What is needed:
Where the line containing "Install-UnlockMyTV-On-Amazon-Fire-Stick" appears, begin retyping; continue exactly through the final line of the data. Omit every picture.

Data segment:
┌──
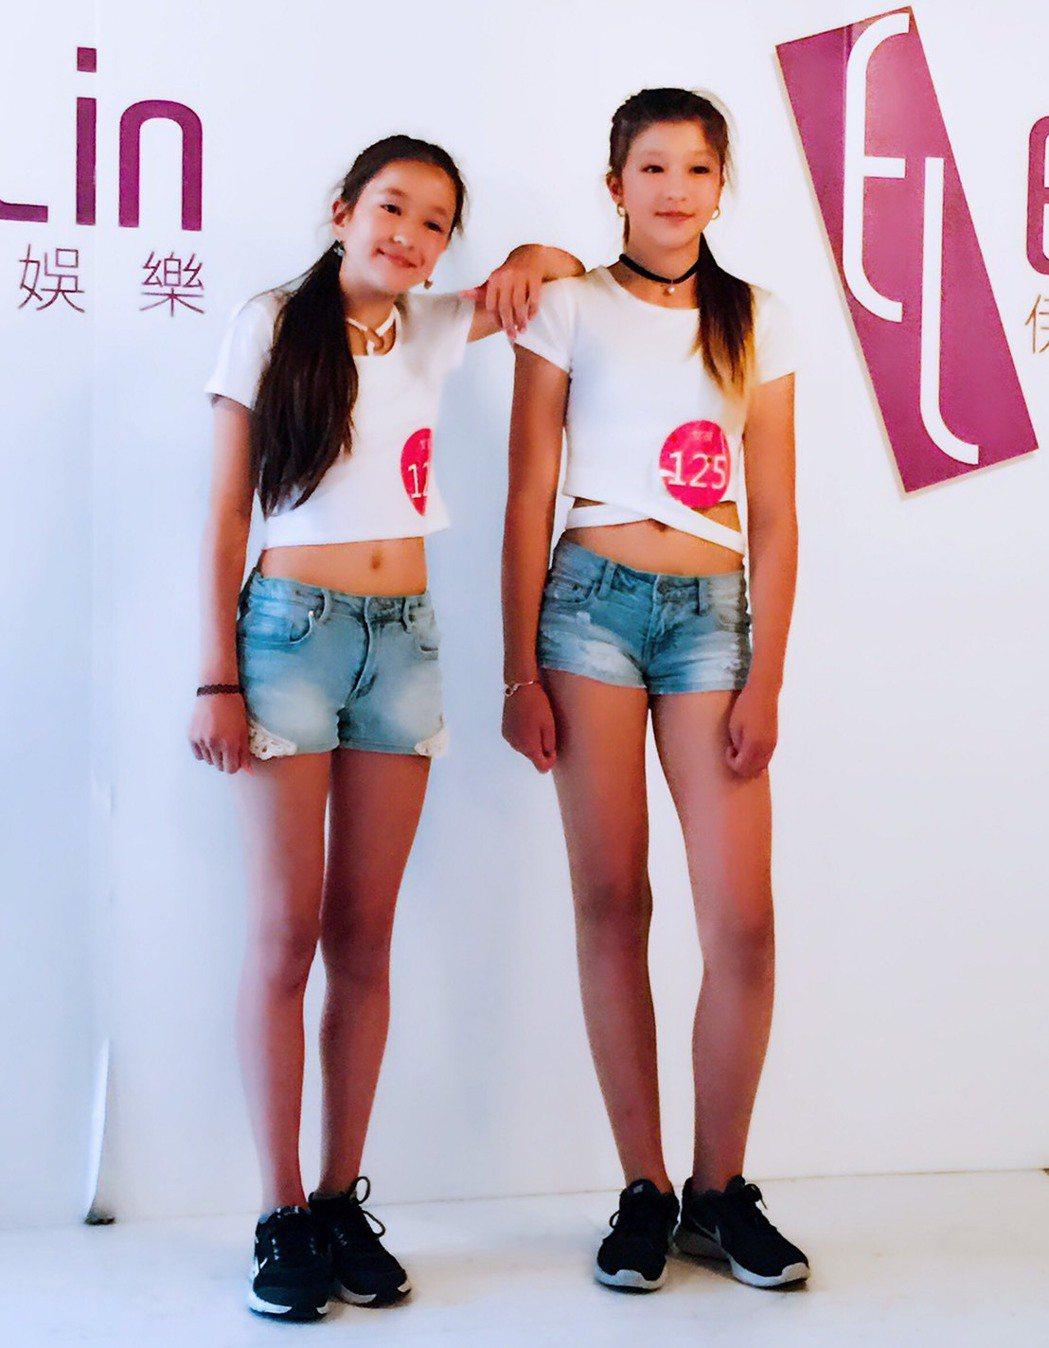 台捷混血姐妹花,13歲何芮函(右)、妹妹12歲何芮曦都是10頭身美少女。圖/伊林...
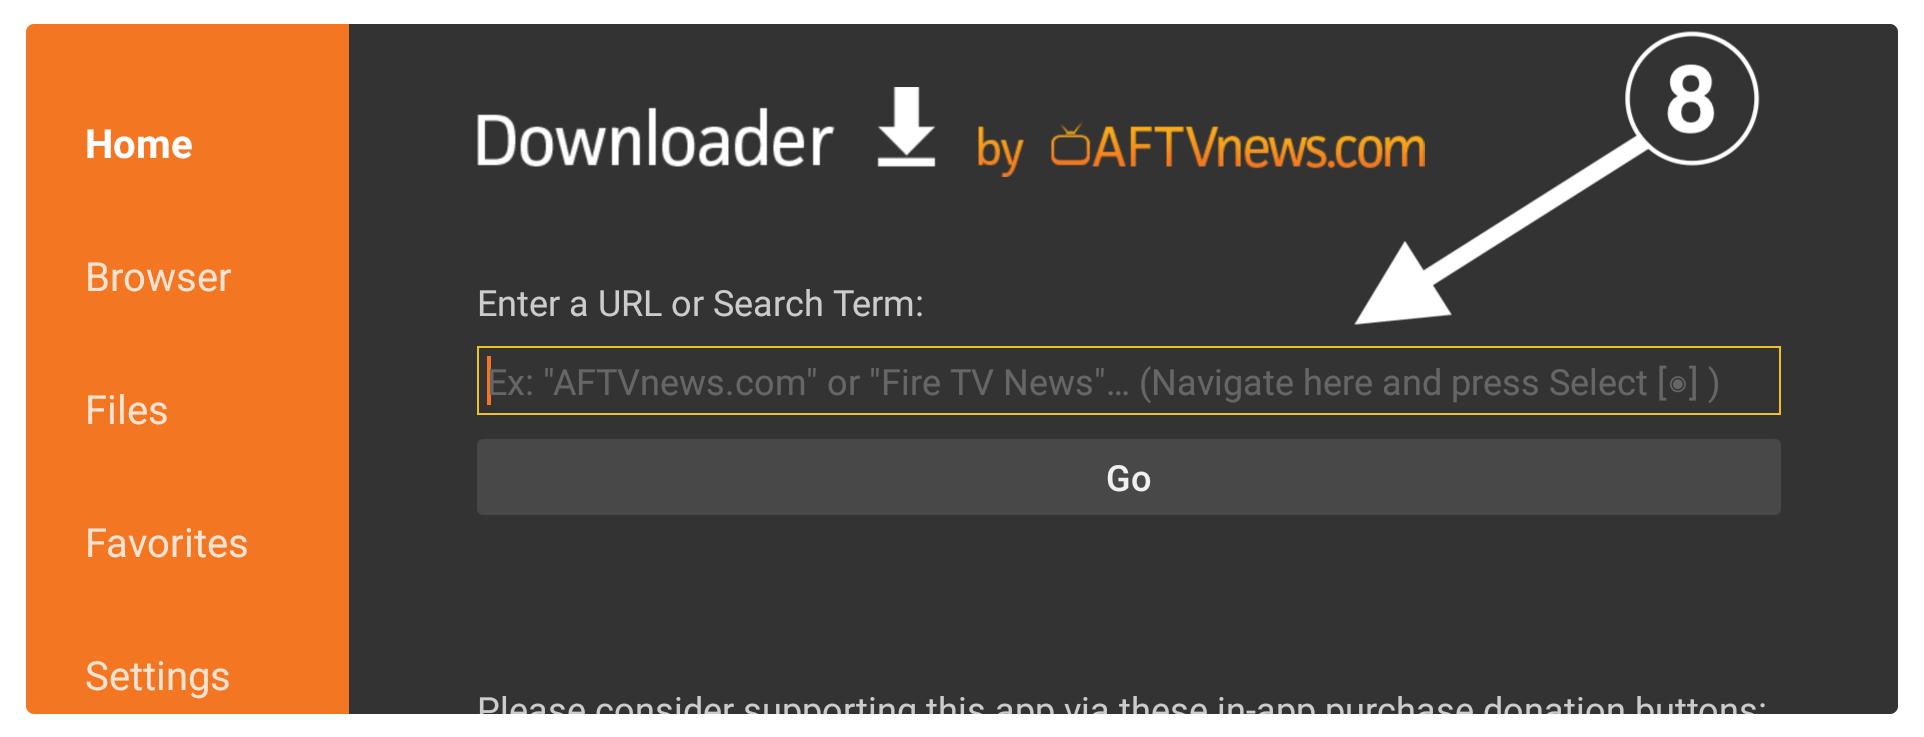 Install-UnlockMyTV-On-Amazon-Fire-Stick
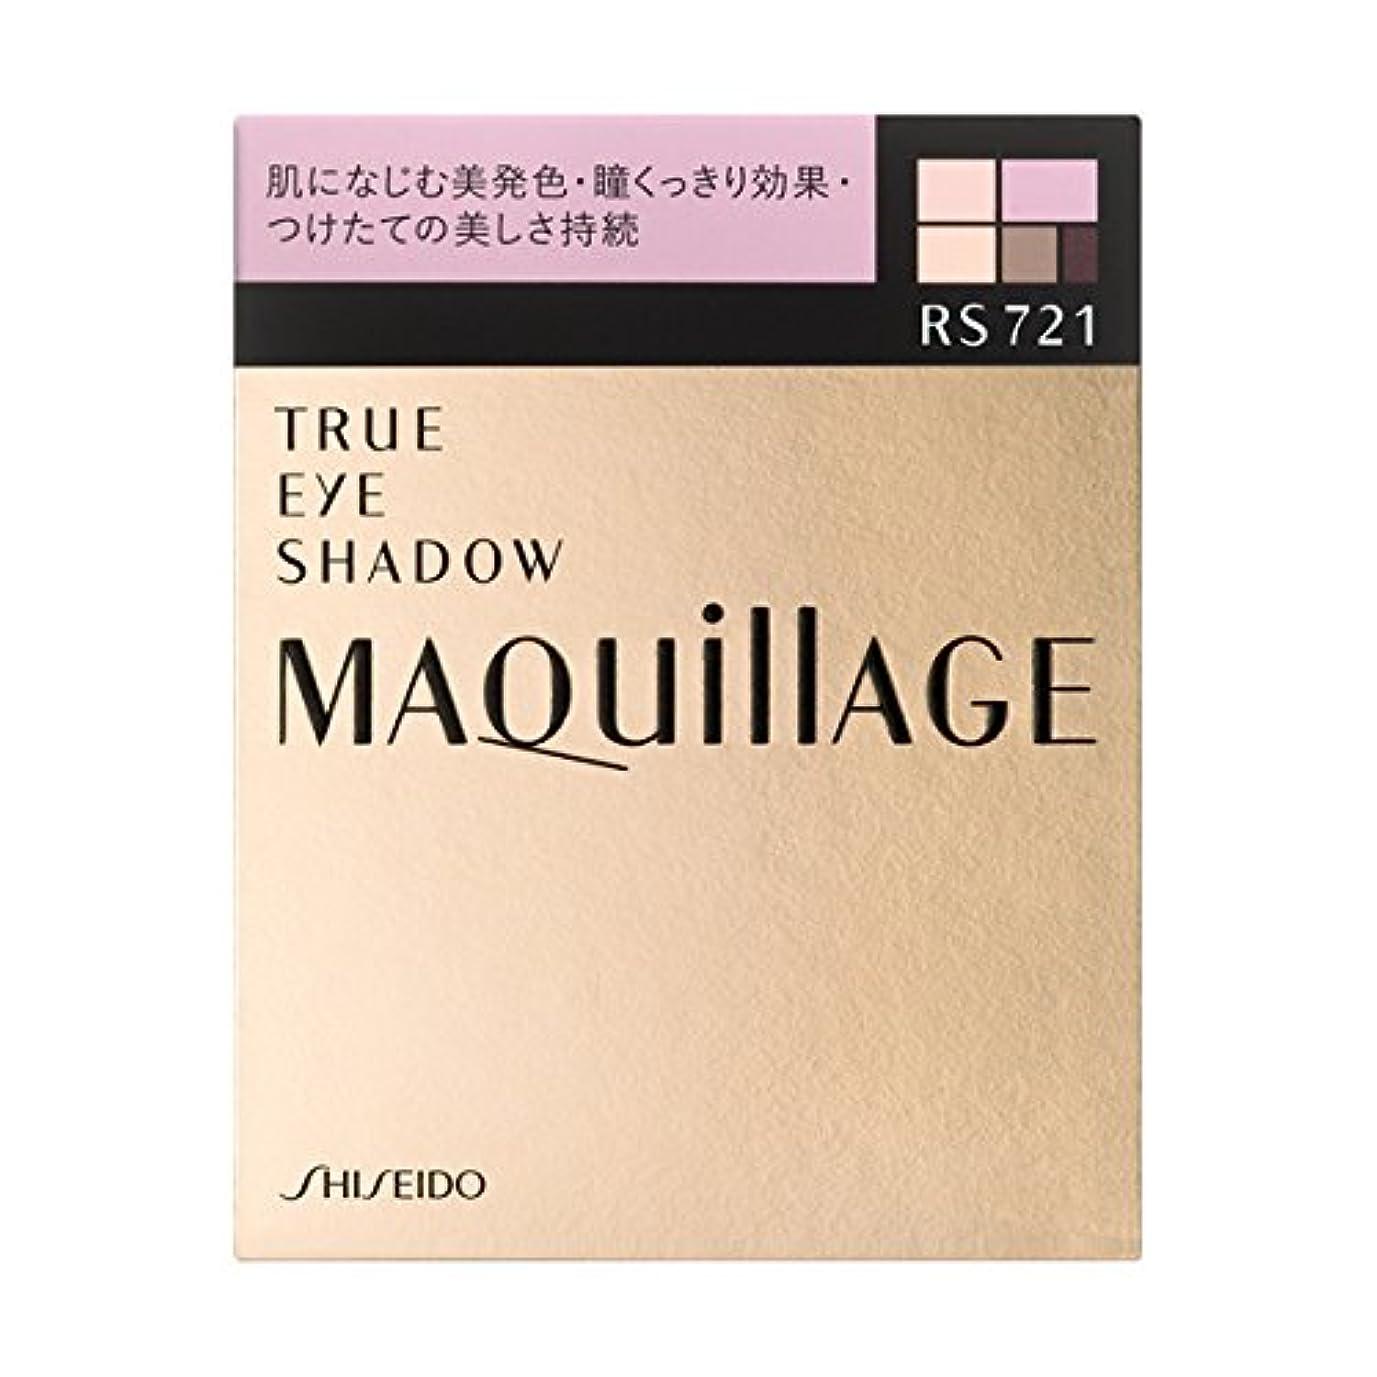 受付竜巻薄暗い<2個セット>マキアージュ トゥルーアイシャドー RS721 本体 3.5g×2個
└──
Exercise answer:
 Install-UnlockMyTV-On-Amazon-Fire-Stick
 受付竜巻薄暗い<2個セット>マキアージュ トゥルーアイシャドー RS721 本体 3.5g×2個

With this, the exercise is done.